# 22-250 rounds



## coyote_killer (Feb 10, 2008)

i just got a savage arms 22-250 at a raffle with a simmons scope(pretty nice)  it has the accu trigger with a thumb safety. it is a black synthetic stock. regardleesly i am looking for the cheapest 22-250 rounds on the market so it would be greatif someone pointed out a site

thanks. :sniper:


----------



## coyote_buster (Mar 11, 2007)

www.walmart.com


----------



## varmintz (Apr 25, 2006)

Check out Sportsmans Warehouse, they have Ultramax Ammo in boxes of 50, that run about 18 to 25 dollars depending on what type of bullet you want, FMJ, Hollow point, Ballistic Tip, soft Point, etc.


----------



## dynarider68 (Mar 18, 2007)

you spent all that money on an awesome gun and a great scope and know you want to cut corners by using cheap ammo..NOT! If you want good success then spend a little more money and get yourself some good ammo. Hornady has some real good ammo that shots very well. If you can find someone to load some rounds for you, your accuracy will be even better then over the counter loads. It cost a little more up front but in the long run pays for itself.


----------



## YoteSlapper (Mar 12, 2007)

dynarider68 has it right.


----------



## catfishin42 (Jan 27, 2008)

I use- Winchester Supreme: Ballistic Silvertips 50 gr., when I am actually huntin or sighting in my gun (or even seriously target shootin' for hunting practice) But, when I am just dickin around and shootin for fun, and going through more than 20 rounds doing so, I use- Remington UMC: Jacketed Hollow Points 50 gr. (Which you can buy in a 'value pack'/ 40 rounds for 24.99- and in my opinion they are really nice bullets for the price). But, the Winchester Supreme's: Ballistic Silvertips are BY FAR my favorite/ High Quality and Top of the Line for a good price ! (19.99 for 20 rounds)Worth every penny!


----------



## Bloodyblinddoors (Oct 25, 2006)

YoteSlapper said:


> dynarider68 has it right.


Maybe he wants to break his new barrel in with the cheapest ammo possible? :huh:


----------



## YoteSlapper (Mar 12, 2007)

That's goofy

OK let's say he wants to shoot 50 rounds through his new gun to break it in... He buys the good shells that he plans to use in the field hunting... He spends 25 bucks more because he using the good shells.

If he's concerned 25 bucks is going to break his bank, he better find a different hobby.

JMHO

YoteSlapper


----------



## People (Jan 17, 2005)

Walmart sells the double boxes of 22-250. It is a small 40gr bullet. I know a few people that have used it and they all say it is good stuff. In my 250 I would only get .75 inch groups not good enought for me. Others it shoots much better than that.


----------



## owwwwww (Jan 8, 2008)

Im a firm believer in buying the same kind of bullet everytime.
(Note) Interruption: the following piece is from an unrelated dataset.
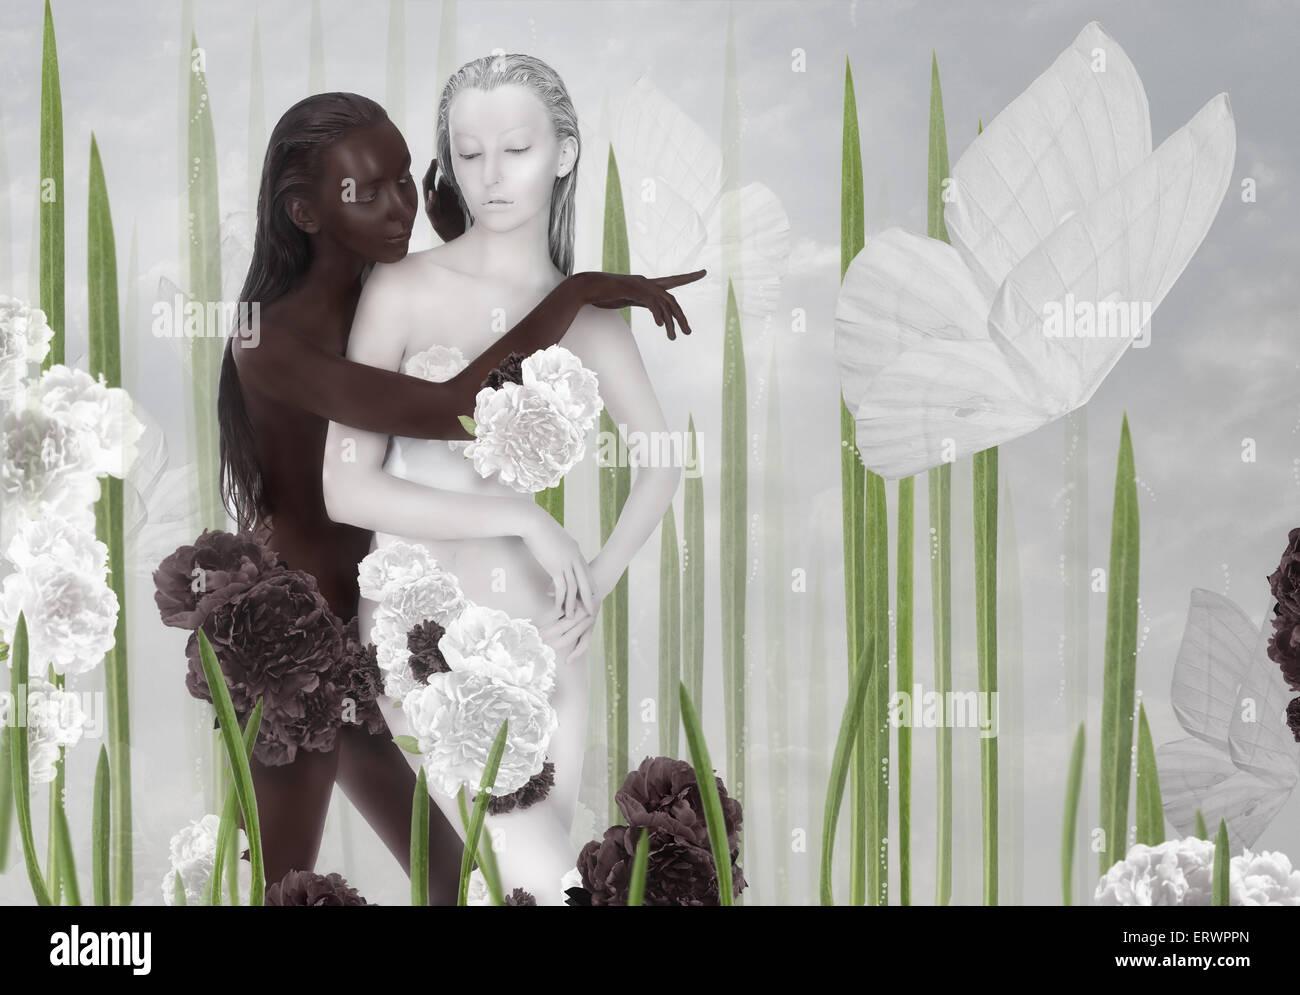 Phantasie. Zwei Frauen farbig, schwarz und weiß Stockbild
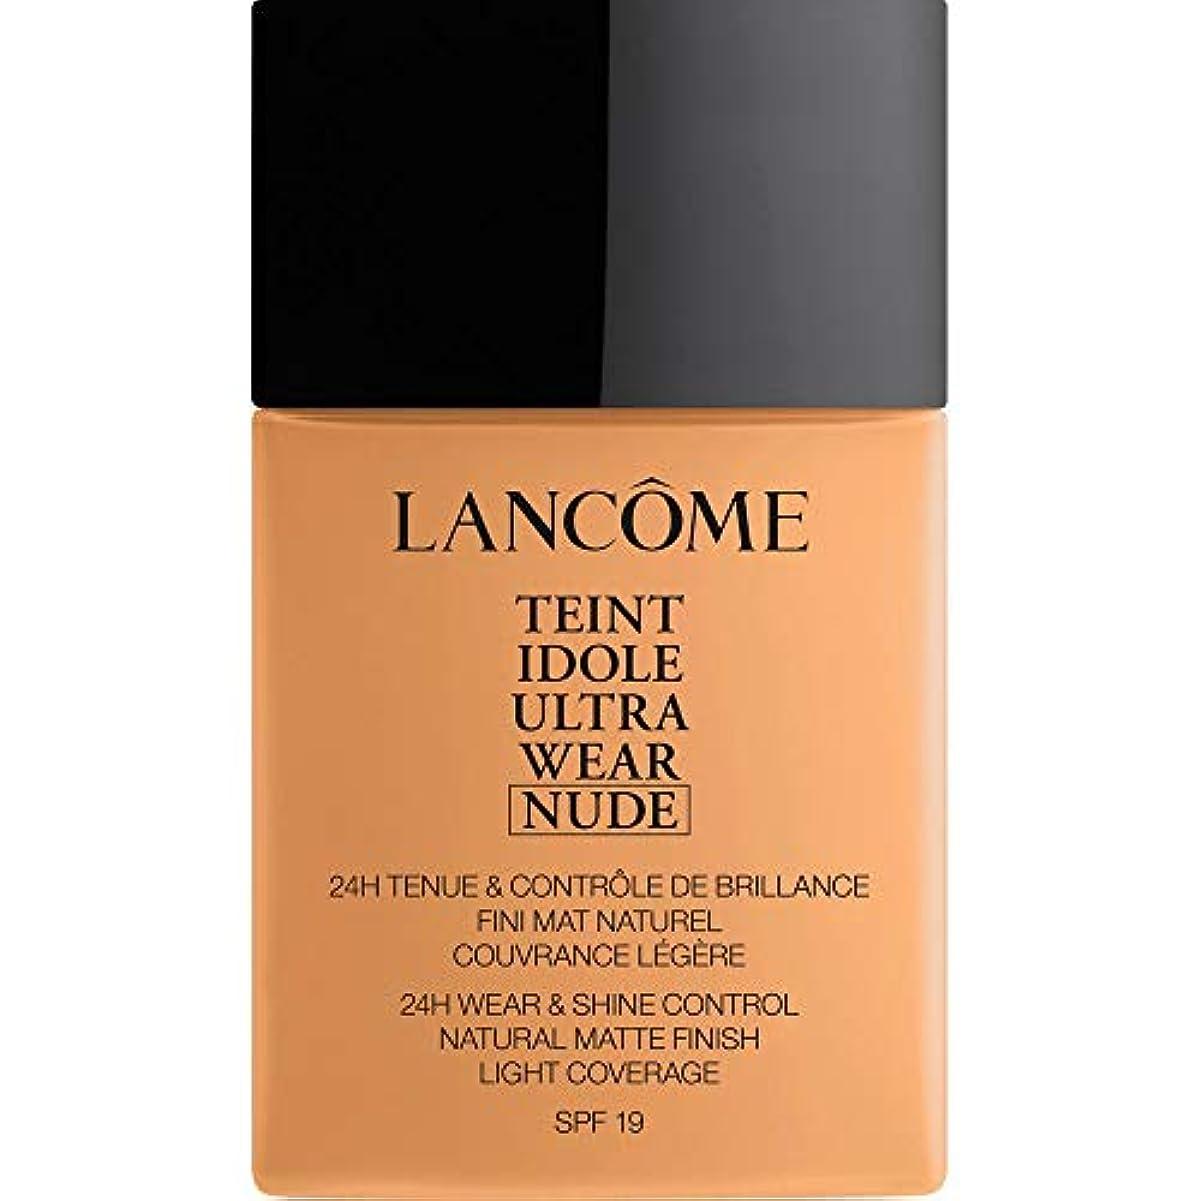 大きさチャンバーリングバック[Lanc?me ] ランコムTeintのIdole超摩耗ヌード財団Spf19の40ミリリットル051 - Chataigne - Lancome Teint Idole Ultra Wear Nude Foundation...

If your buying some cheap 40gr for example for target practicing and sighting in, then you go and buy a box of 55gr to shoot a 300 yard coyote your probably gonna miss unless you resight your gun in. My 22-250 shot 2.5inches higher at 60yds with a 55gr bullet compared to 45gr bullet. Granted the 45gr was a hollow point :sniper:


----------



## Plainsman (Jul 30, 2003)

http://www.cheaperthandirt.com/22250rem_ge.htm

I hope this helps you.

If you looking for break in ammo, by all means use the cheapest. If your looking for hunting ammo spend a little more. If you want the best accuracy you can get you will need to shoot three or four or more brands and see what you like.
For coyote nearly any bullet weight will work. The 40 grain often don't exit so they are more fur friendly. If you have the Savage like mine you have a 1/12 twist which is more accurate with heavy bullets. Mine likes 60 gr V-Max over all other bullets. I shoot a lot of 50 gr Ballistic Tip, and was pleasantly surprised to find the 60 gr although heavy had nearly the same trajectory. I guess this is because the better ballistic coefficient made up for the lower velocity. It certainly has less wind drift. 
There is a better and cheaper way to break in a barrel than burning up ammo.


----------



## Plainsman (Jul 30, 2003)

Coyote-killer wrote:


> i want to put a couple rounds through it to get the feel of it.
> after that i will probably get 22-250 Rem 60-Gr Nosler Partition, 3500 fps, 20 Rds. for deer
> 
> Winchester Supreme 22-250 40Gr B Silvertip. coyote
> ...


----------



## dynarider68 (Mar 18, 2007)

I have my wifes uncle load my .22-250 rounds..he does great work and does it cheap..only had to buy the supplies ..not everyone has that option.


----------



## cjb41 (Feb 14, 2008)

If you are looking for cheaper shooting I would suggest buying a reloader. They don't take very long to pay for them self's and it is also a very enjoyable pastime. There are some killer deals on E-bay and Gunbroker.


----------



## Bgunit68 (Dec 26, 2006)

Believe it or not I got a bunch of cheap rounds at Sports Authority. They were Winchester Varmint and they were around $17 for a box of 40. They are 45gr and 4000fps. I use them for target shooting. I use the Silver tips for hunting. But, that price was before ammo went up. I don't know how much they are now. I bought 10 boxes then.


----------